Skip the pictures and repeat each line of the data exactly.
━━━ STORED DATA ━━━
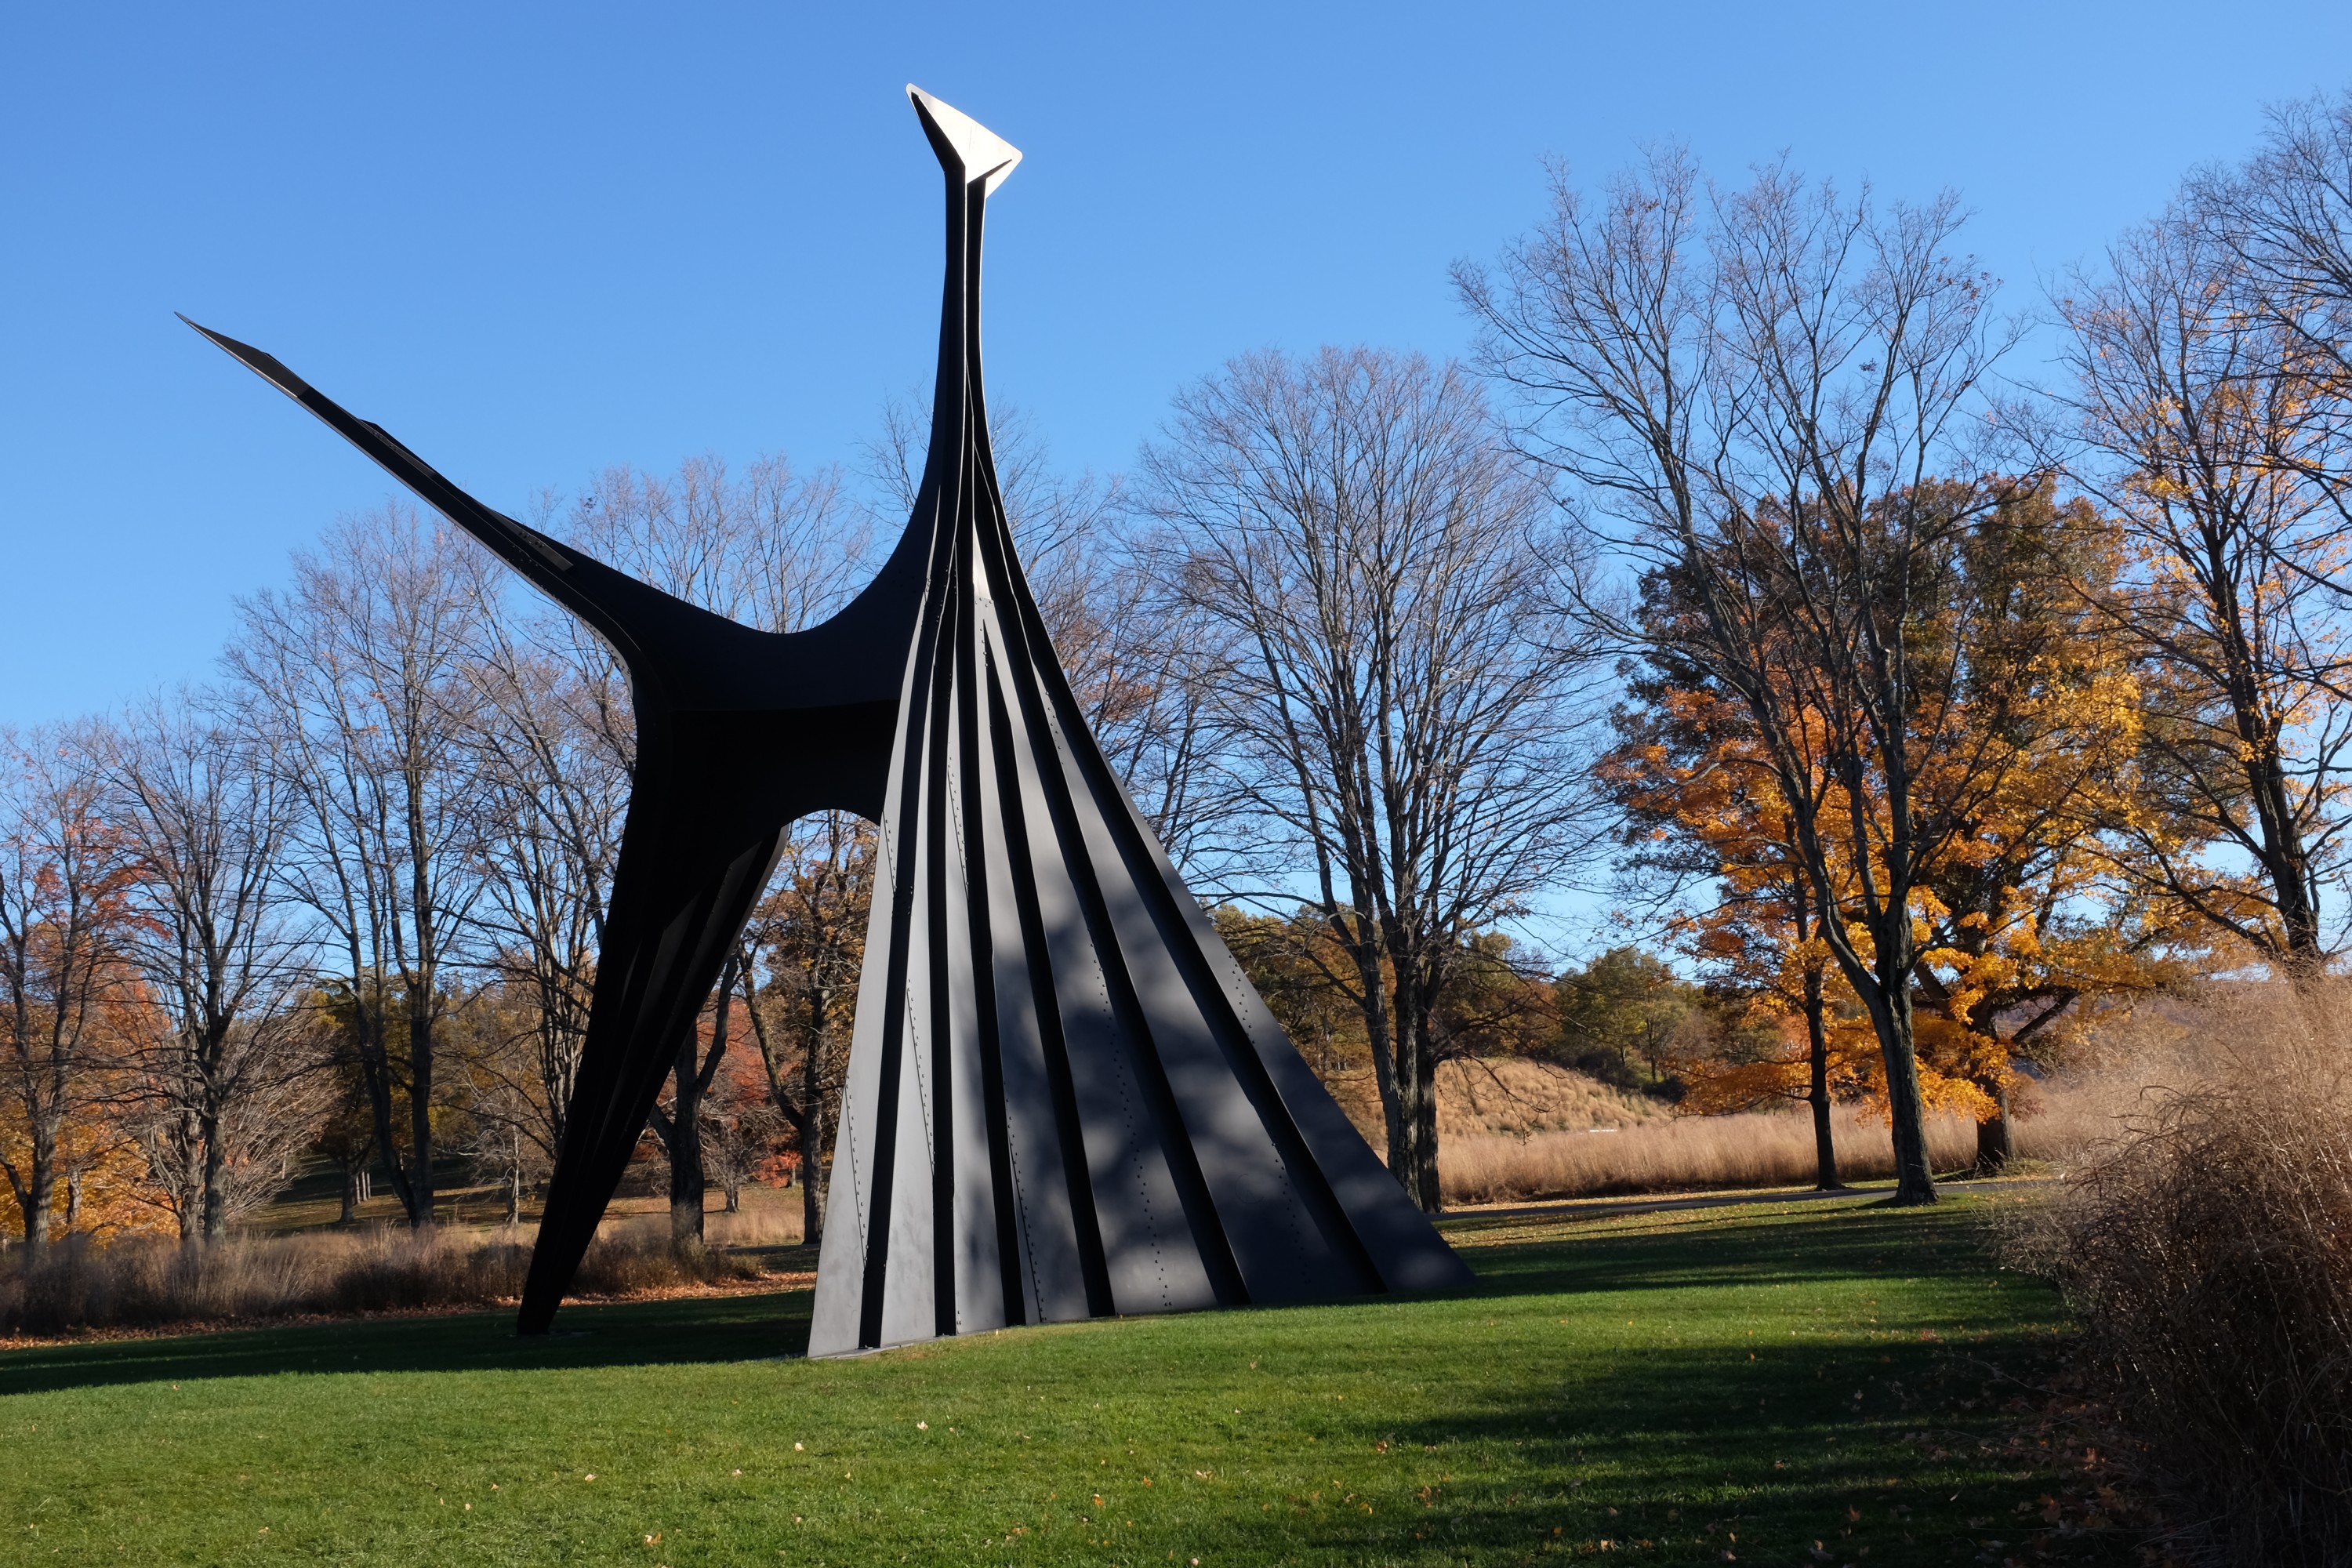 Arch, sculpture by Alexander Calder
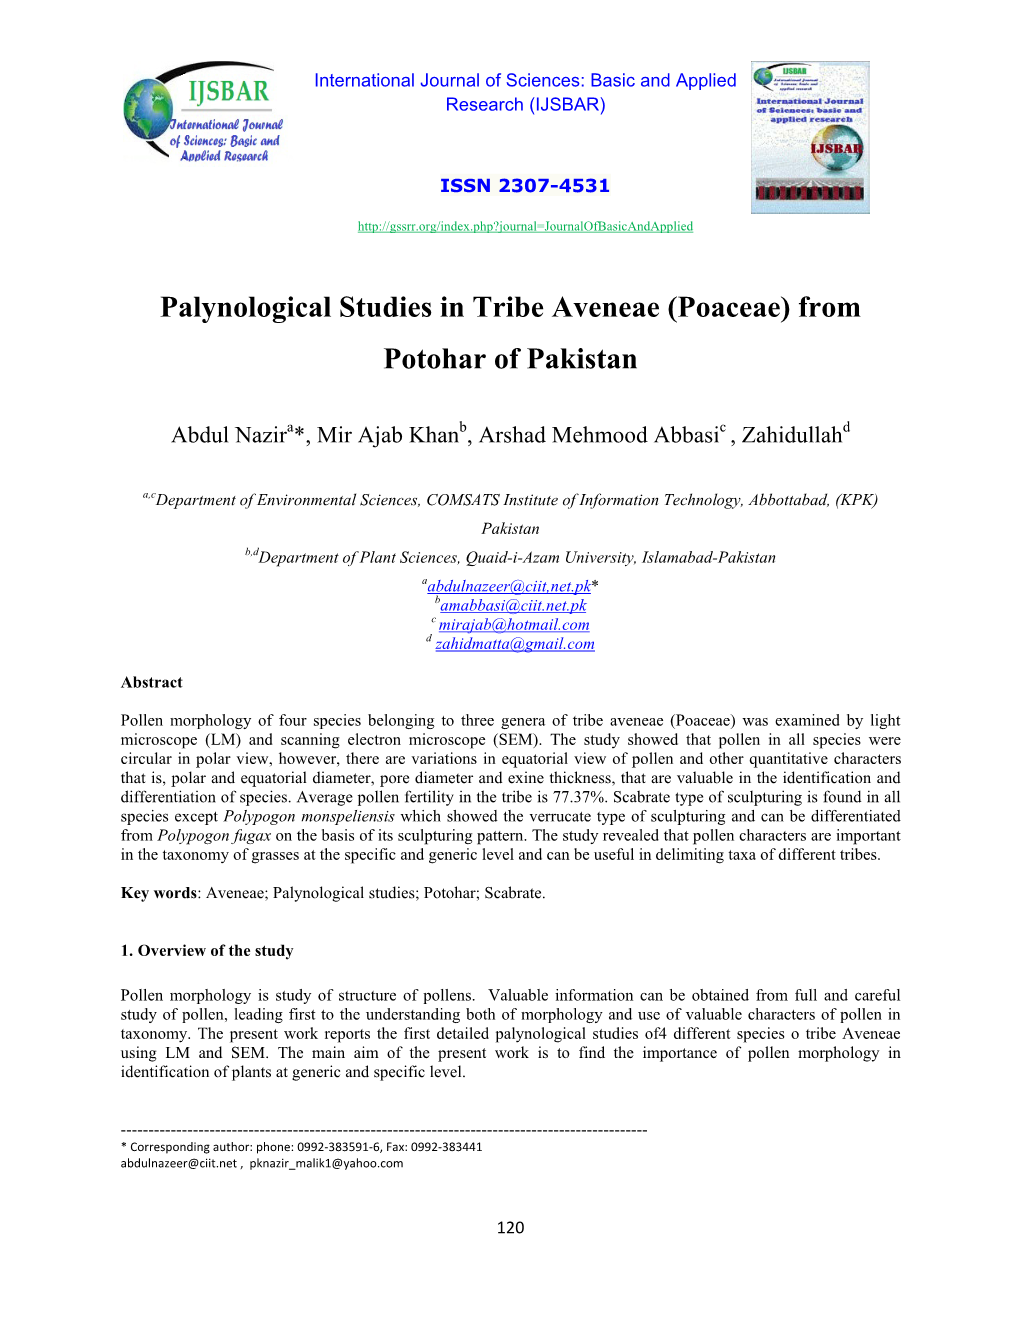 Palynological Studies in Tribe Aveneae (Poaceae) from Potohar of Pakistan
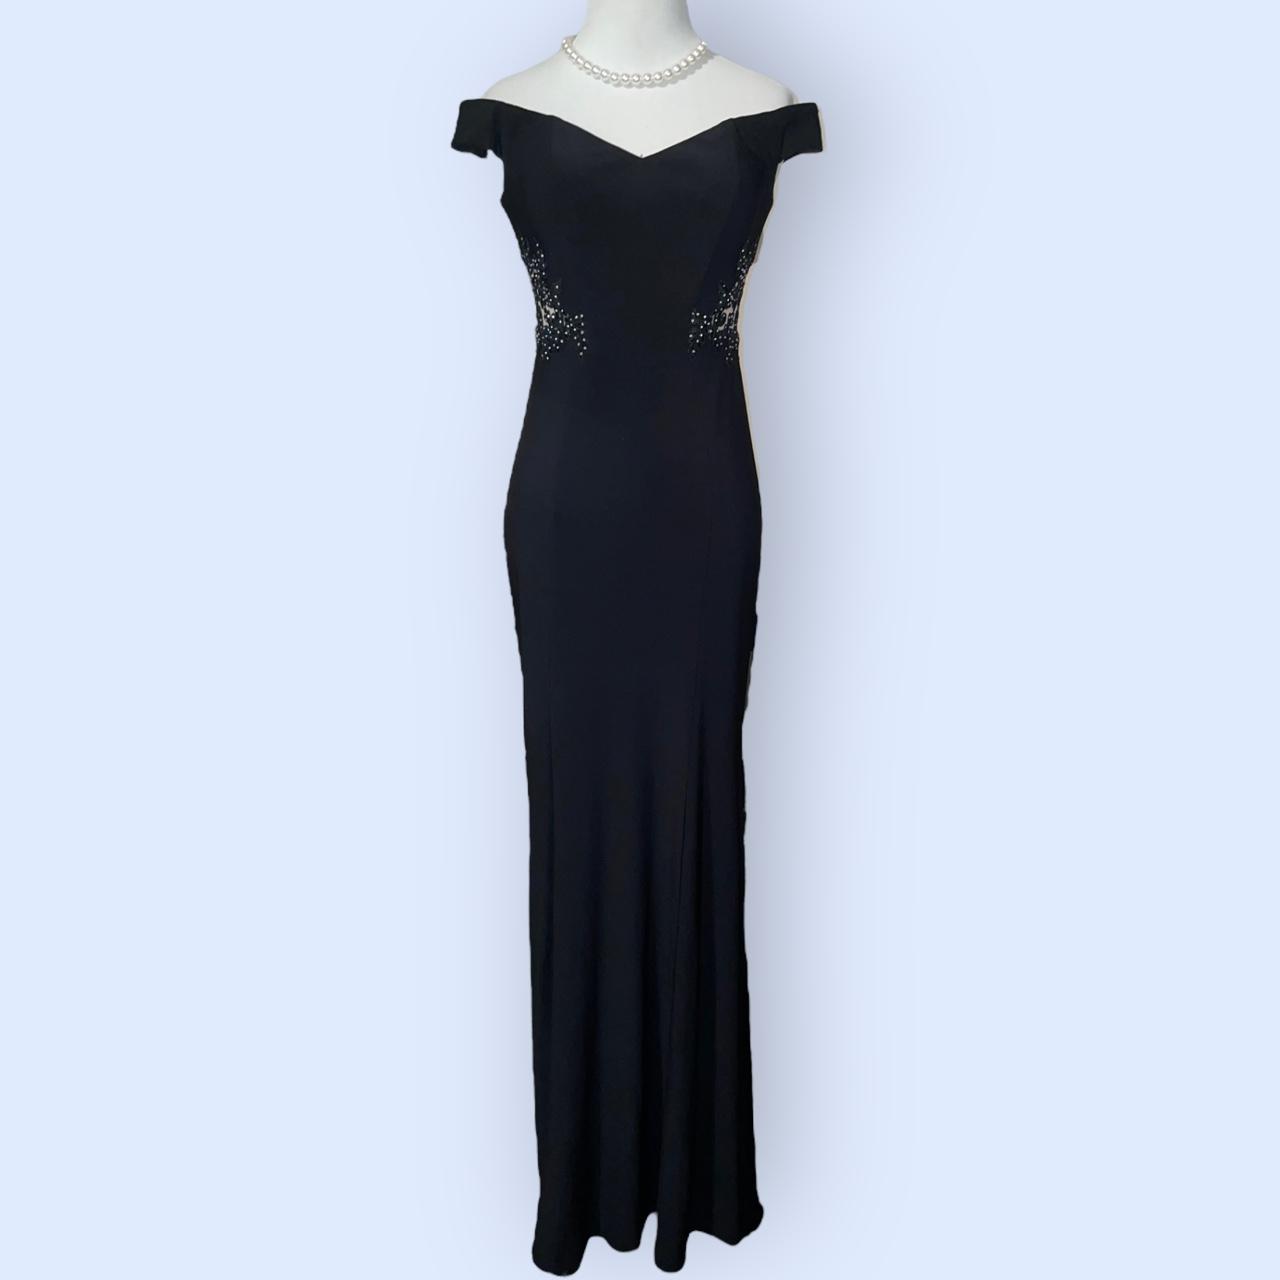 Product Image 1 - Blondie Nites Elegant Prom Dress

Description:
━━━
- OUTPUT FOR THIS EXERCISE:
 Arch, sculpture by Alexander Calder
 Palynological Studies in Tribe Aveneae (Poaceae) from Potohar of Pakistan
 Product Image 1 - Blondie Nites Elegant Prom Dress

Description:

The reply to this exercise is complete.